Task inputs =

=======

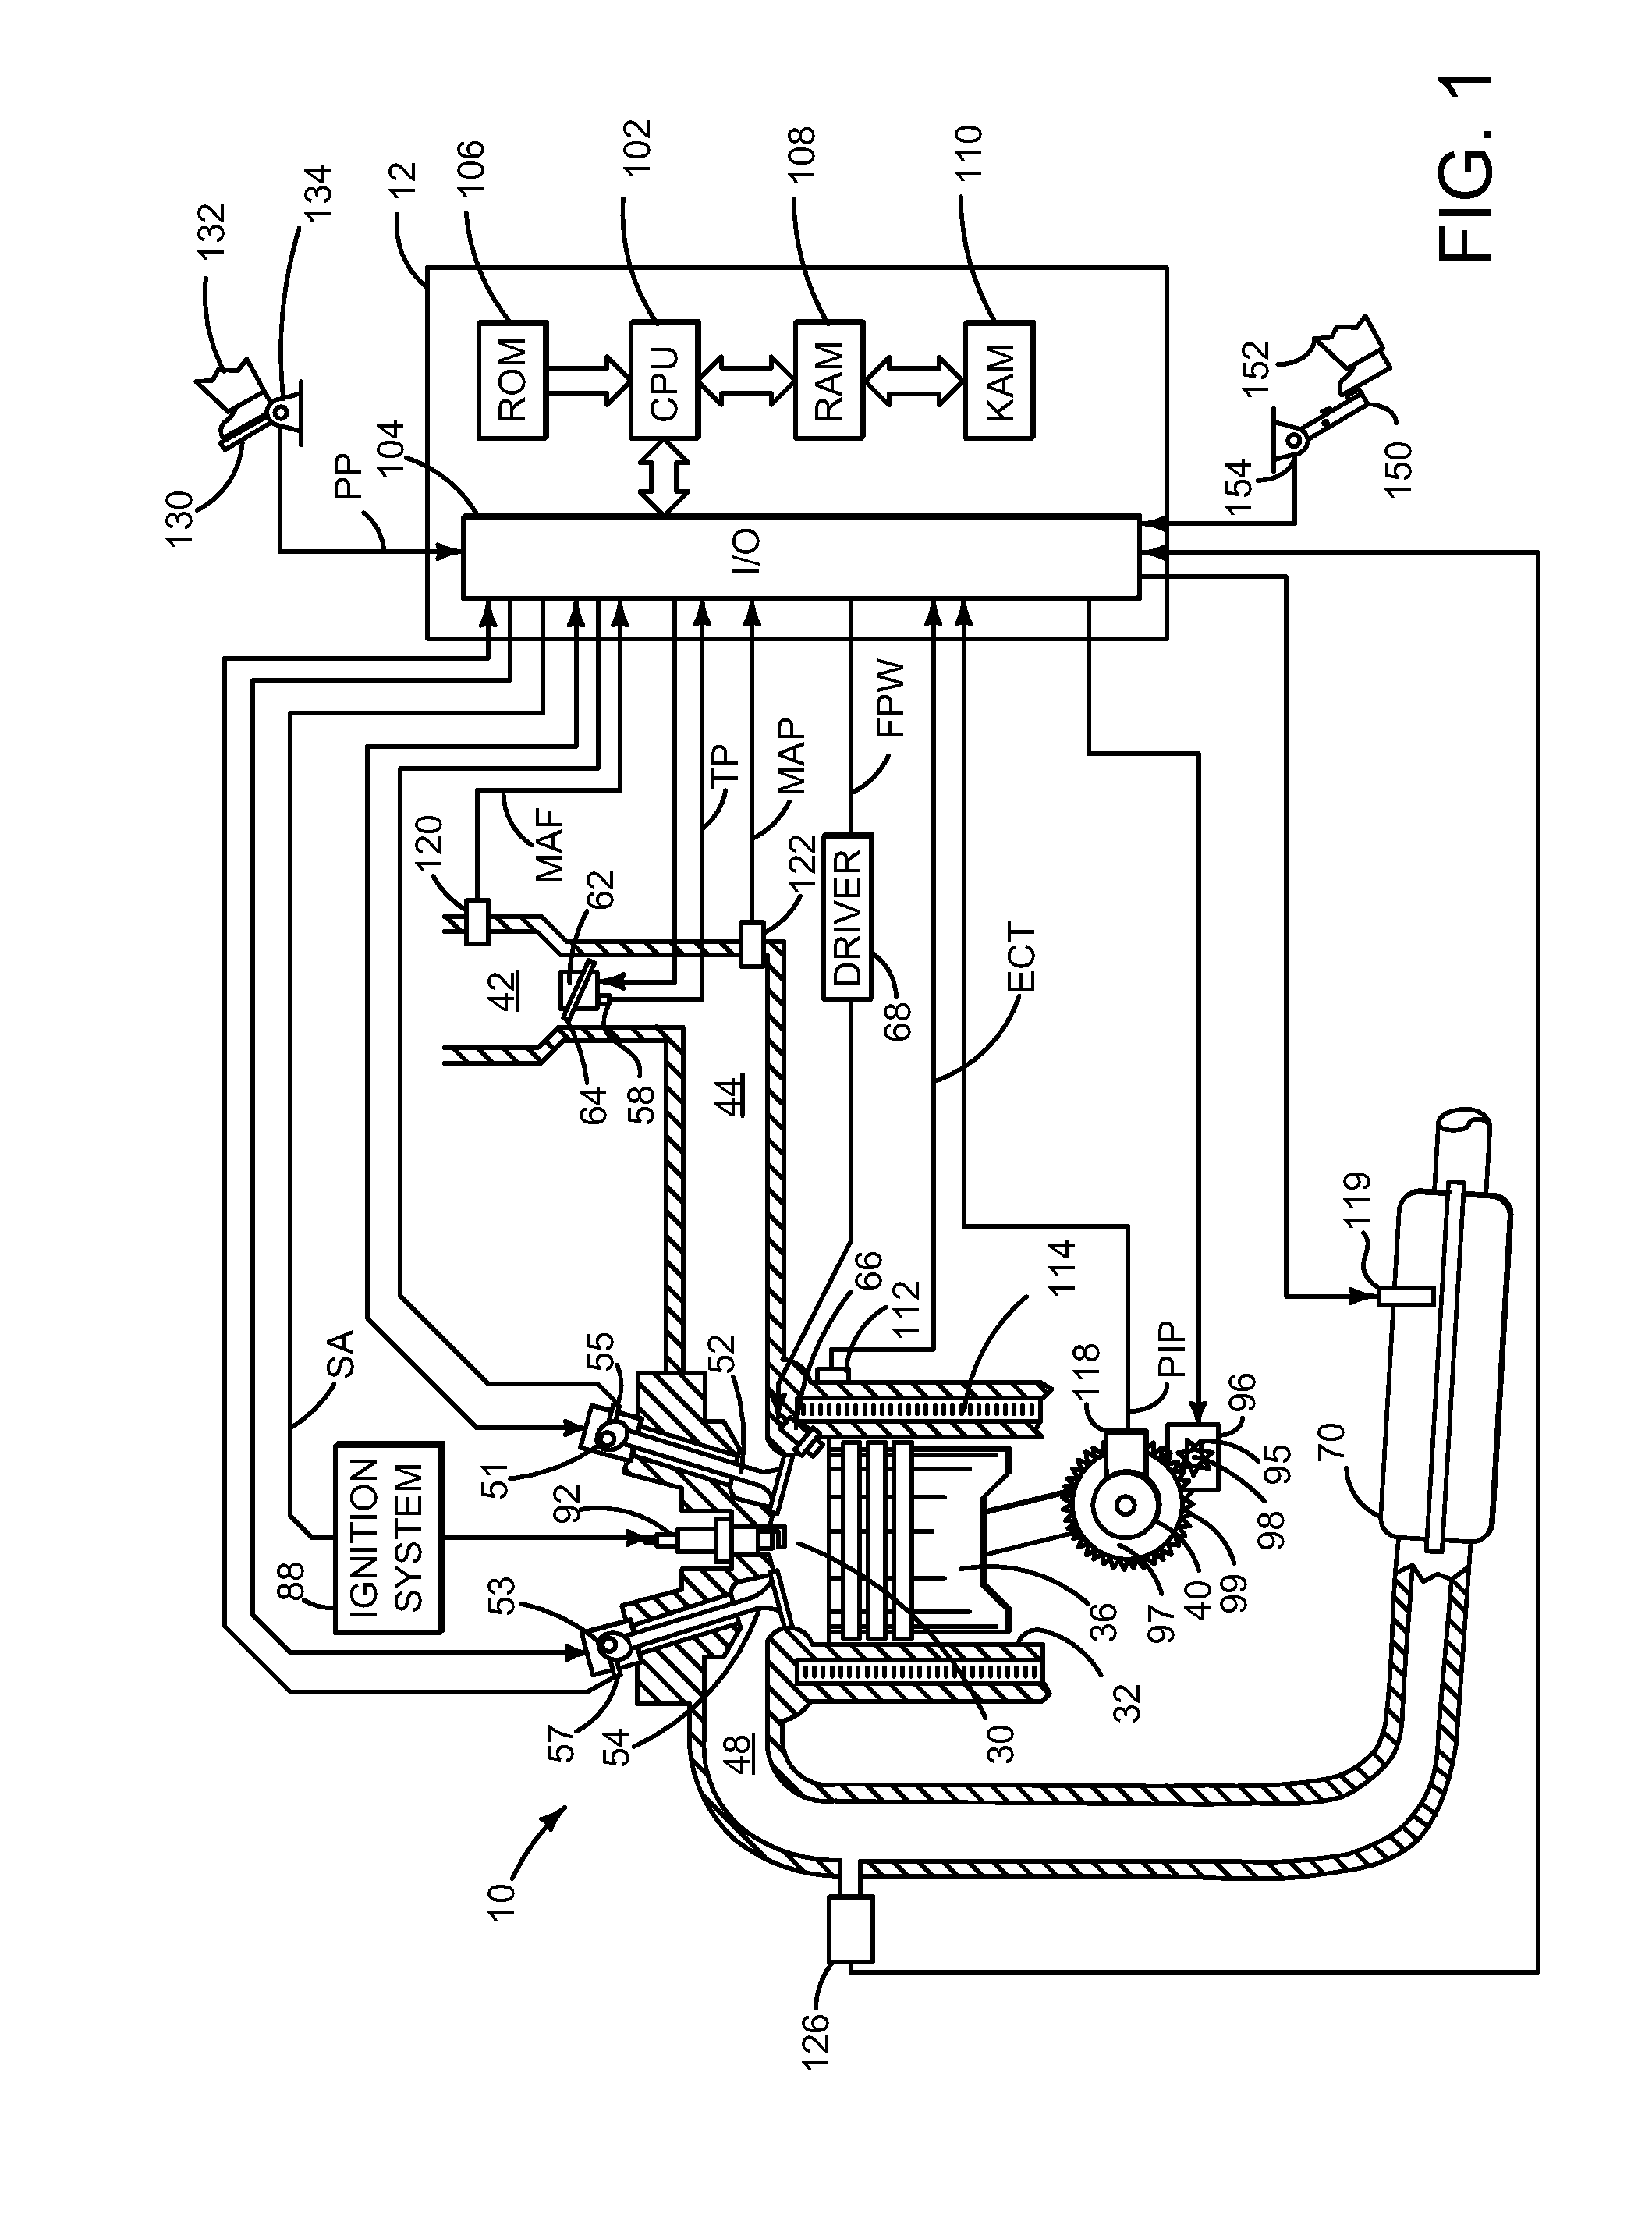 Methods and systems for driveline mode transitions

=======

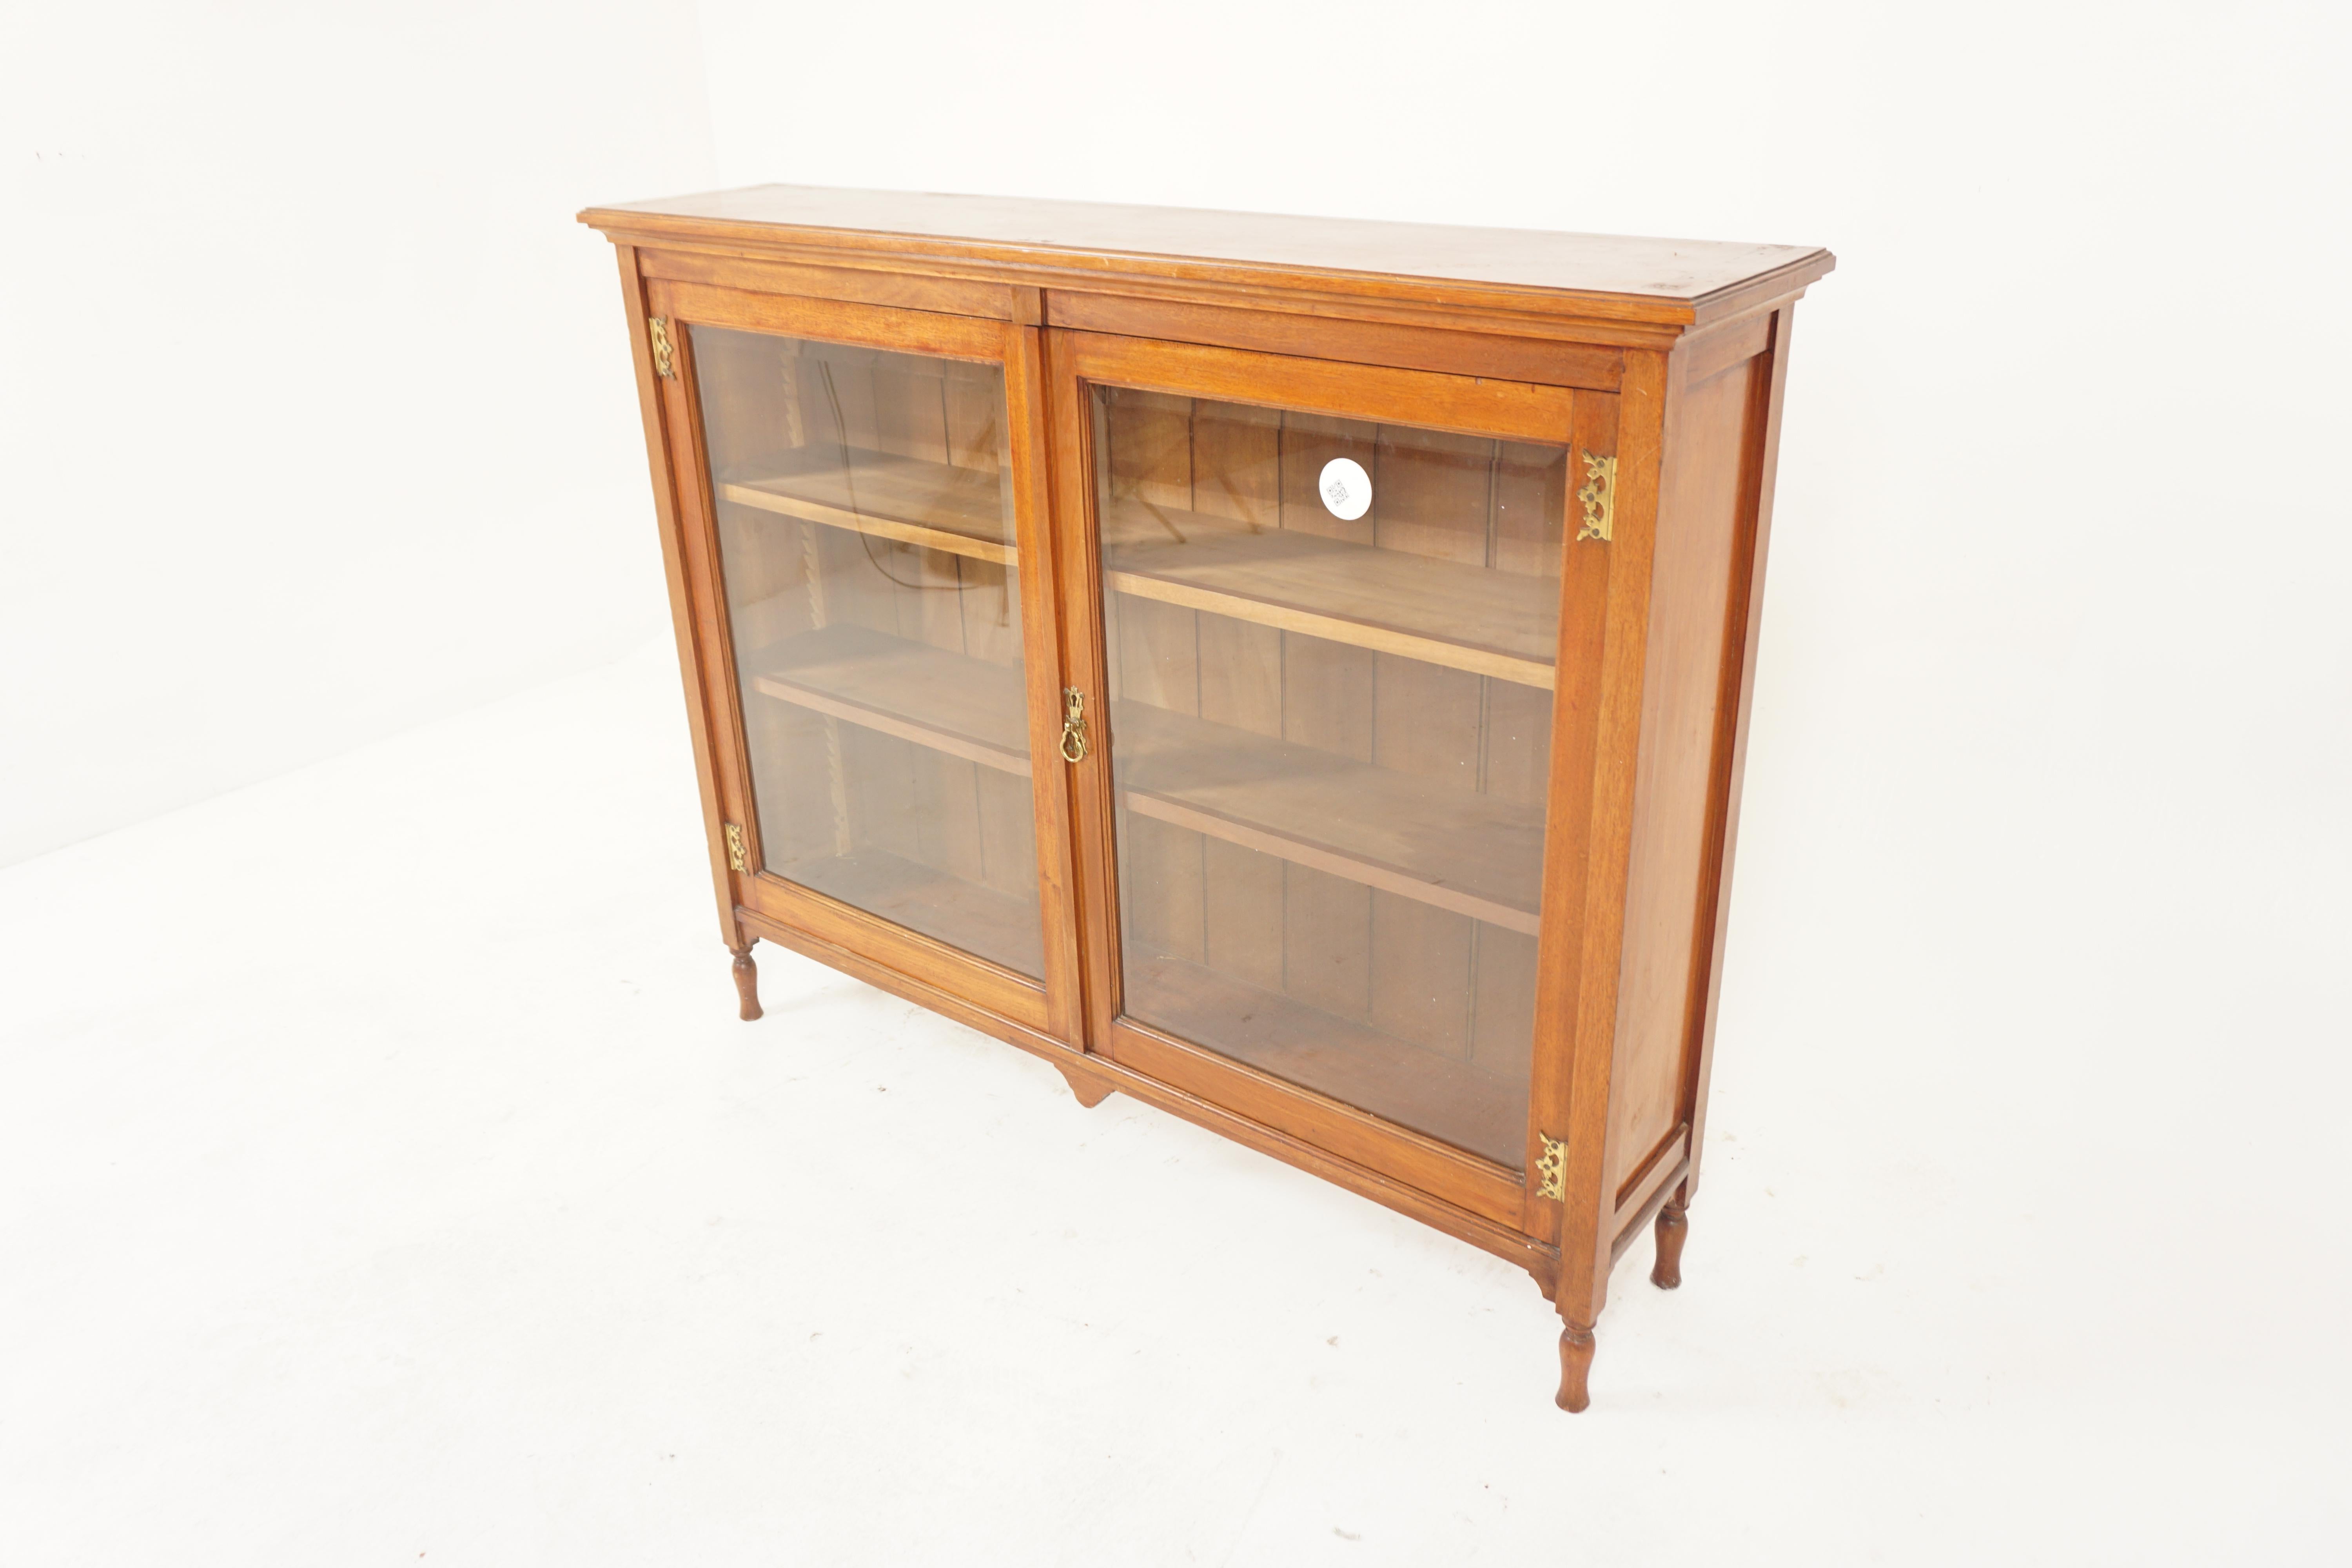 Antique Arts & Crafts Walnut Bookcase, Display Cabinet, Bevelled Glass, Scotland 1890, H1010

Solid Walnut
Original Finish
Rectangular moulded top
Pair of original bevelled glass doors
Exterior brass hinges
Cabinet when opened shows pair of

=======

Each line in the entries above, starting at the line with "Pair of original bevelled glass doors" and ending at the line with "Cabinet when opened shows pair of", is to be printed exactly, and only those lines.

Pair of original bevelled glass doors
Exterior brass hinges
Cabinet when opened shows pair of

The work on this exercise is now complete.